If he is hard on Kantians like Snell and Adkins, he is equally reluctant to yield ground to thinkers like Alasdair MacIntyre, who also rejects the progressivist view 'but treats modern outlooks, in particular liberalisms, as merely an incoherent assemblage of fragments from past traditions.' Williams wishes to defend what is best in the Enlightenment and liberal tradition, but his argument throughout is that we can only do so if we rid ourselves of false and unnecessary ways of viewing things, and that the pre-Socratic Greeks can help us to do so precisely because they were not prey to the dangerous myth that 'at some level of the world's constitution there is something to be discovered that makes ultimate sense of our concerns.'

This strikes me as true and important. Unfortunately the tone of quiet reasonableness, the hallmark of Oxford philosophy, in which Williams conducts his argument, tends to drain the works he examines of much of their power and tension.

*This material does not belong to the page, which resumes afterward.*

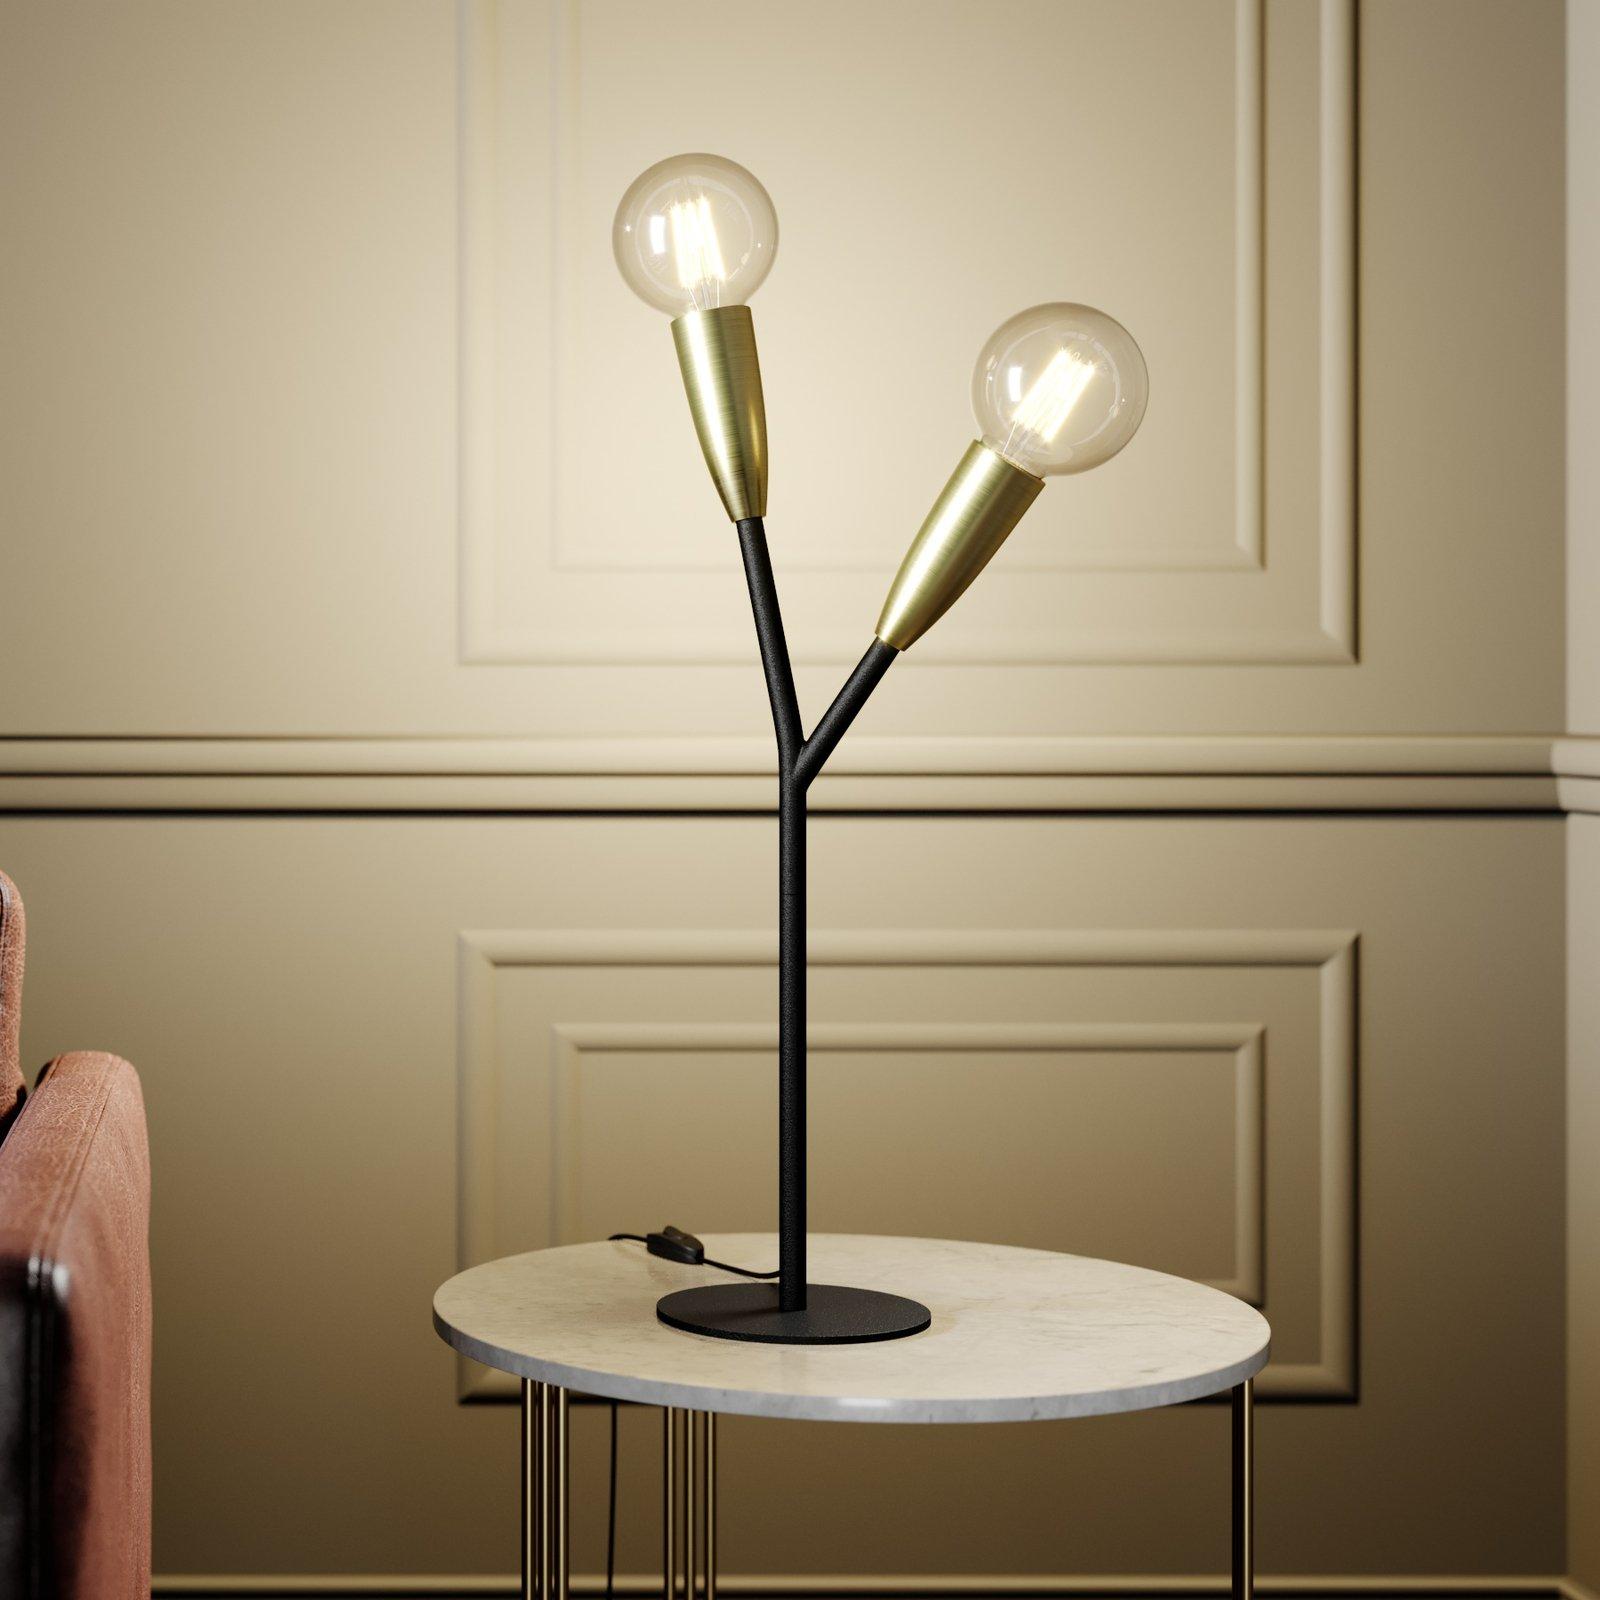 Lucande Carlea bordlampe, 2 lysk., svart messing

He correctly asserts that we cannot simply separate supernatural and dramatic necessity, and so must pay attention to the overall shape of the plays, but he constantly refers to these as 'texts'; though he has some valuable things to say about Eteocles' last line in Aeschylus' Seven Against Thebes - 'When the gods decree it, you may not escape evil' - he quite fails to take into account the effect of this line as it is spoken in the theatre, an effect simultaneously of heroic affirmation and blind folly which is characteristic of the greatest tragedy from Aeschylus to Marlowe and Shakespeare, and which is not exhausted by even the most acute philosophical analysis.

Even so, Williams is more responsive to the tragedians than to Homer, whose poems he still uses as a source of examples of ethical issues rather than as living works. There is thus a great deal here about decision-making in the Iliad, and very good it is too, but absolutely nothing about the way the acceptance of death in that poem enhances life - and the central roles of mourning and forgiveness in life. Here, it seems to me, Williams falls into the trap he had accused the neo-Kantians of falling into, that of having a predetermined notion of what 'the ethical' is and looking only for what will fit in with that notion.

Literary critics have in recent years not been afraid to venture into the realms of philosophy, often with disastrous results. It is good that philosophers are beginning to return the compliment. Of course, in the end, as this book demonstrates so well, rigid distinctions between philosophy and literary criticism are a myth, invented in the universities and leading to bad philosophy and bad literary criticism. In the present climate of specialisation, and the encouragement of academic narrowness by people in power who have no understanding of the humanities, the fact that a Professor of philosophy at Oxford should have written such a book is of enromous emblematic significance, even if the book itself does not quite live up to its high promise.